Exploratory Data Analysis (EDA) for House Prices
Project Overview
This project aims to analyze house price trends using exploratory data analysis (EDA). By leveraging statistical techniques and visualization tools, the study uncovers patterns, correlations, and key factors influencing house prices from 2006 to 2010. The insights gained from this analysis provide valuable information for real estate investors, buyers, and market analysts.
Dataset
The dataset is sourced from Kaggle’s House Prices – Advanced Regression Techniques competition. It contains 1,460 rows and 81 columns, including both numerical and categorical variables.
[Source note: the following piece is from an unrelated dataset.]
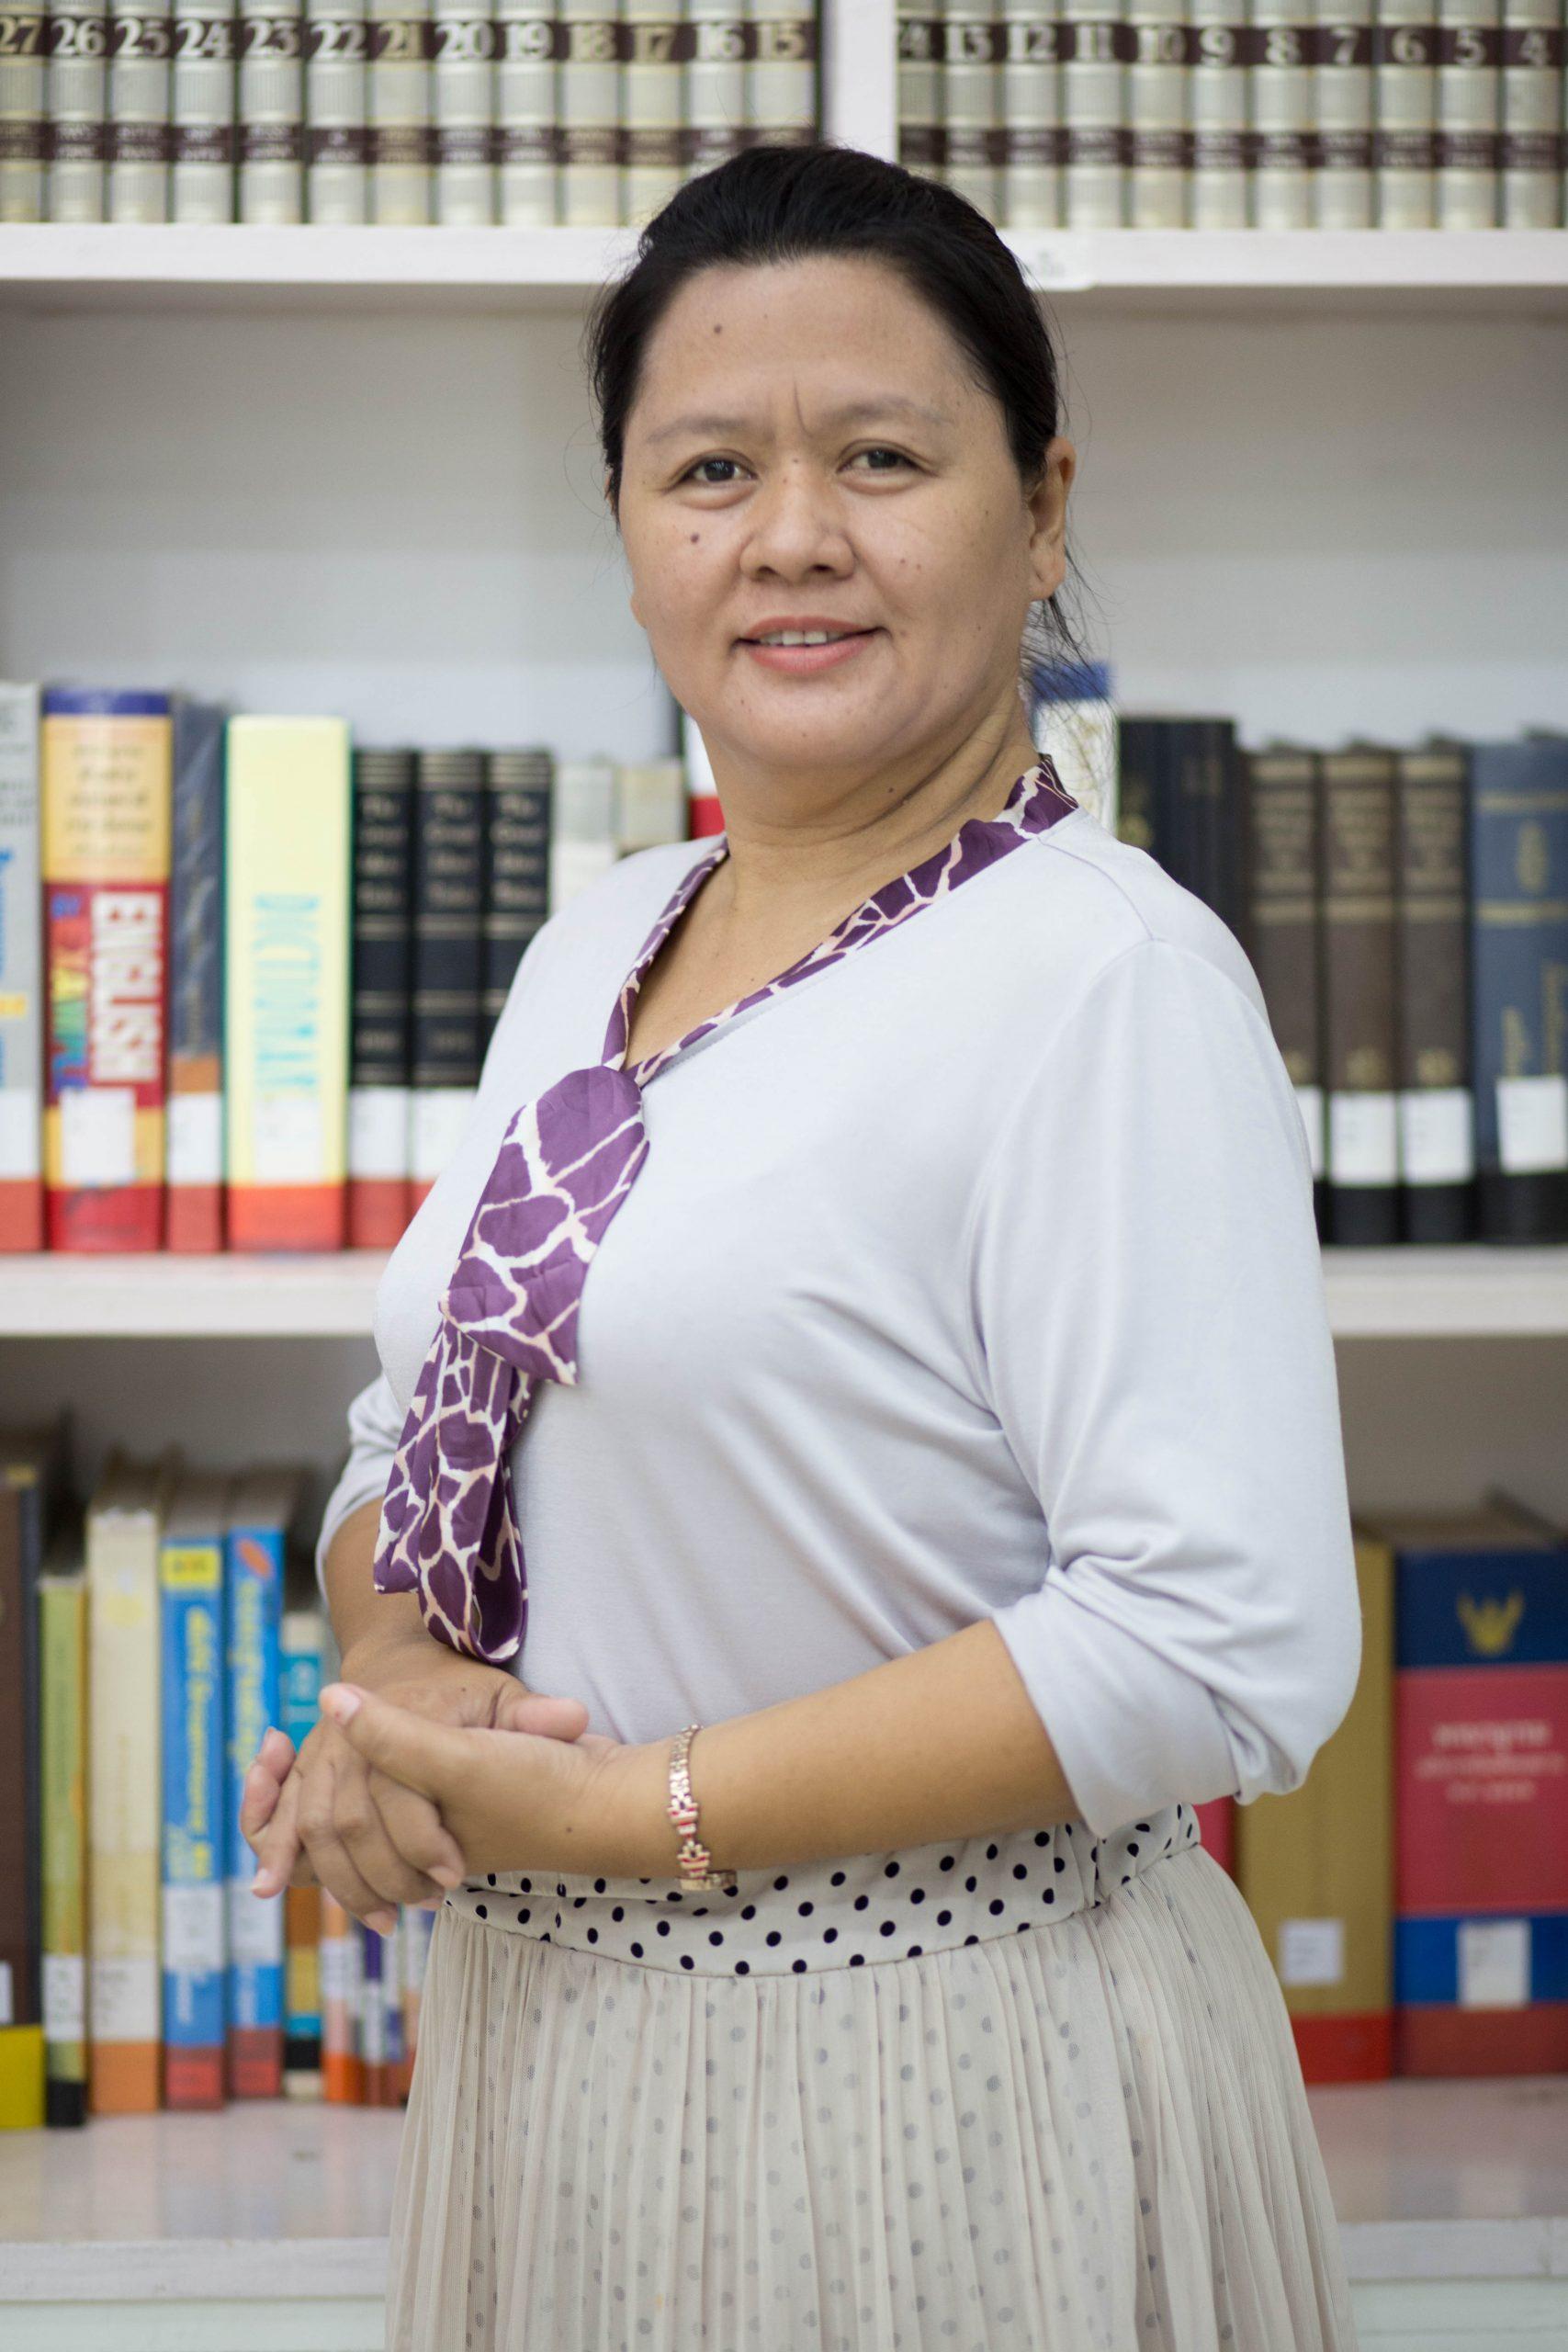 Miss.Anafe Senorin Lamboloto

The target variable in this dataset is SalePrice, representing the selling price of houses.
Features and Variables
- Numerical Features: SalePrice, LotArea, GrLivArea, GarageArea, OverallQual, etc.
- Categorical Features: MSZoning, Neighborhood, SaleCondition, etc.
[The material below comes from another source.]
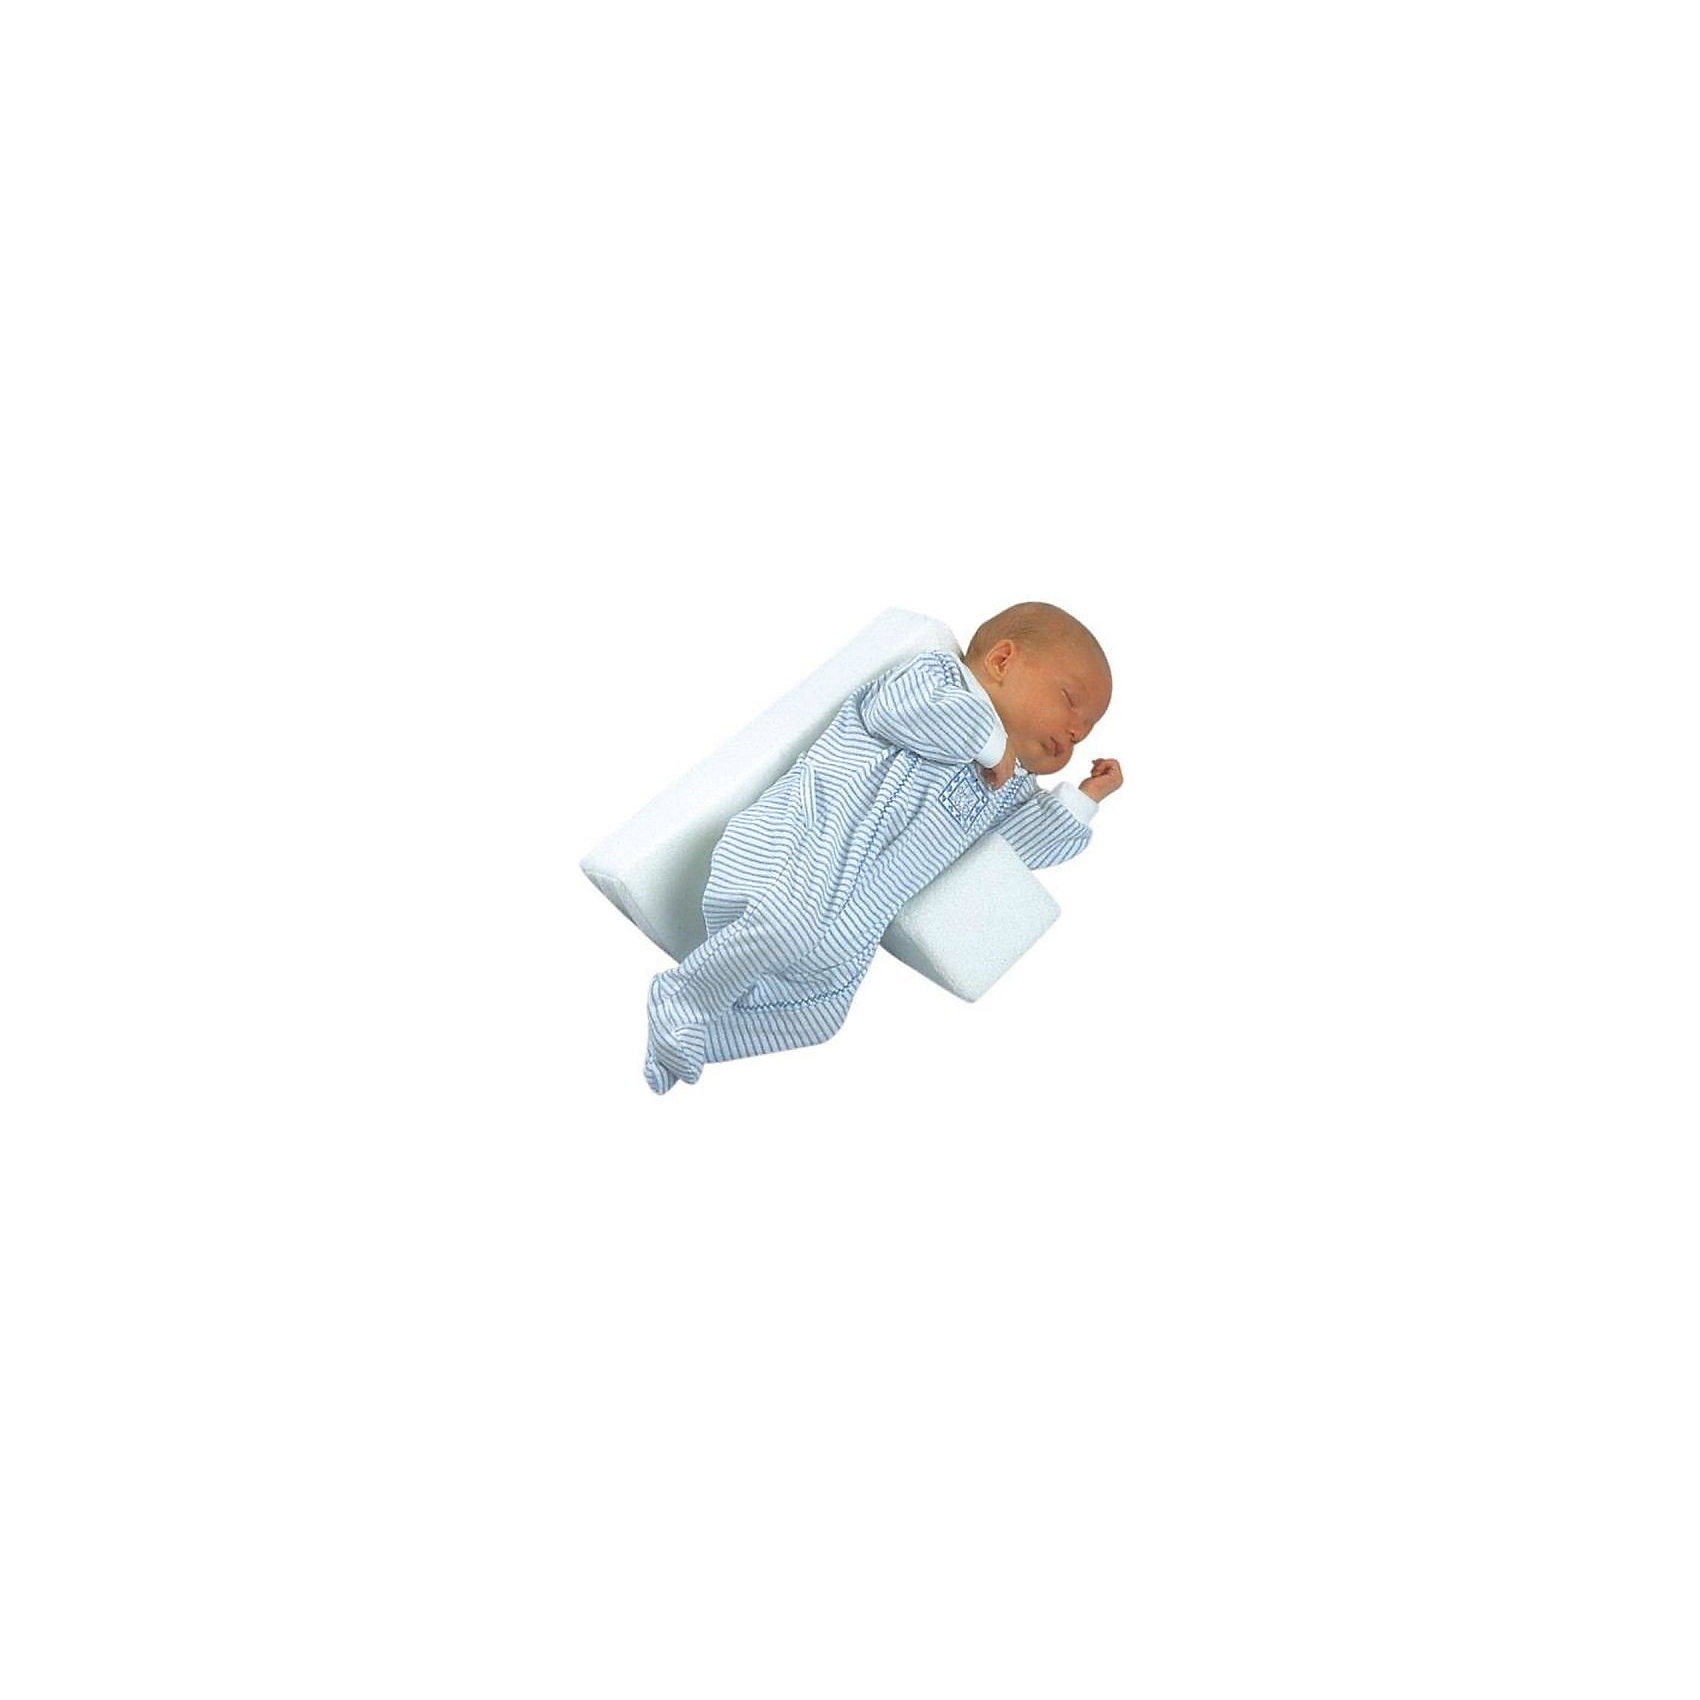 �������-��������� Baby sleep, PLANTEX (Plantex)

- Target Variable: SalePrice (House Price)
Key Observations
- OverallQual, GrLivArea, and GarageCars have strong correlations with SalePrice.
- The majority of houses fall in the price range of $160,000 – $200,000, with some outliers representing premium properties.
- House prices remained relatively stable from 2006 to 2010, with minor fluctuations.
Analysis Performed
1. Data Preprocessing
- Handling Missing Values:
- Columns with <5% missing values were imputed using the median/mode.
- Columns with 5–20% missing values were carefully imputed based on domain knowledge.
- Columns with >20% missing values (e.g., PoolQC, Alley) were dropped.
- Removing Duplicates to ensure data integrity.
- Outlier Detection:
- Outliers were identified in features like LotArea, GrLivArea, and SalePrice.
2. Univariate Analysis
- SalePrice Distribution: Right-skewed distribution indicating a majority of lower-priced houses with a few high-priced properties.
- LotArea and GrLivArea: Highly skewed, requiring log transformation for better visualization.
- Neighborhoods: Some areas (e.g., StoneBr, NridgHt) have significantly higher house prices than others.
3. Multivariate Analysis
- Correlation Heatmap:
- Strong positive correlation between SalePrice and features like OverallQual (0.79), GrLivArea (0.71), and TotalBsmtSF (0.63).
- Weak correlation between YrSold and SalePrice, indicating no significant price trend over the years.
- Boxplots: Examined the relationship between categorical features (e.g., MSZoning, Neighborhood) and SalePrice.
- Seasonal Analysis: Sales peak in May – July, while November – February shows a decline in transactions.
4. Statistical Tests
| Statistical Test | Purpose | Test Statistic | p-value | Conclusion |
|---|---|---|---|---|
| Pearson Correlation | Test significant relationship between YrSold and SalePrice | -0.0289 | 0.2694 | No significant correlation |
| Chi-Square Test | Test distribution differences in house prices over years | 8.6713 | 0.7307 | No significant difference |
| T-Test | Compare mean house prices between years | 0.4950 | 0.5344 | No significant difference |
| ANOVA | Test variance in house prices across years | 0.6455 | 0.6301 | No significant difference |
| Linear Regression | Test linear relationship between YrSold and SalePrice | R-squared: 0.001 | 0.2690 | No significant trend |
Key Insights
1. Features Affecting House Prices
- Overall Quality (OverallQual) has the highest impact on SalePrice.
- GrLivArea (Above ground living area) significantly affects pricing.
- GarageCars (Number of garage spaces) contributes to pricing variations.
- Neighborhood plays a crucial role, with premium areas commanding higher prices.
2. Market Trends
- House prices remained stable from 2006 to 2010, indicating no major fluctuations.
- Seasonality effect: House sales peak in summer (May–July) and drop in winter (November–February).
- Premium properties: Some outliers in GrLivArea and LotArea represent high-value luxury homes.
Technologies Used
- Python Libraries:
pandas– Data manipulation and preprocessingnumpy– Numerical calculationsmatplotlib&seaborn– Data visualizationstatsmodels&scipy– Statistical analysis
How to Run the Project
- Clone the repository:
git clone https://github.com/hijirdella/House-Price-Analysis-EDA-and-Correlation-Insights - Install dependencies:
pip install -r requirements.txt - Run the Jupyter Notebook to explore the dataset and insights.
Contact
- Author: Hijir Della Wirasti
- GitHub: House Price Analysis Repository
- LinkedIn: Hijir Della Wirasti
- Email: hijirdw@gmail.com
This project provides a deep dive into the factors influencing house prices, offering valuable insights for real estate professionals and data analysts. Future improvements could include predictive modeling to forecast house prices based on these influential factors.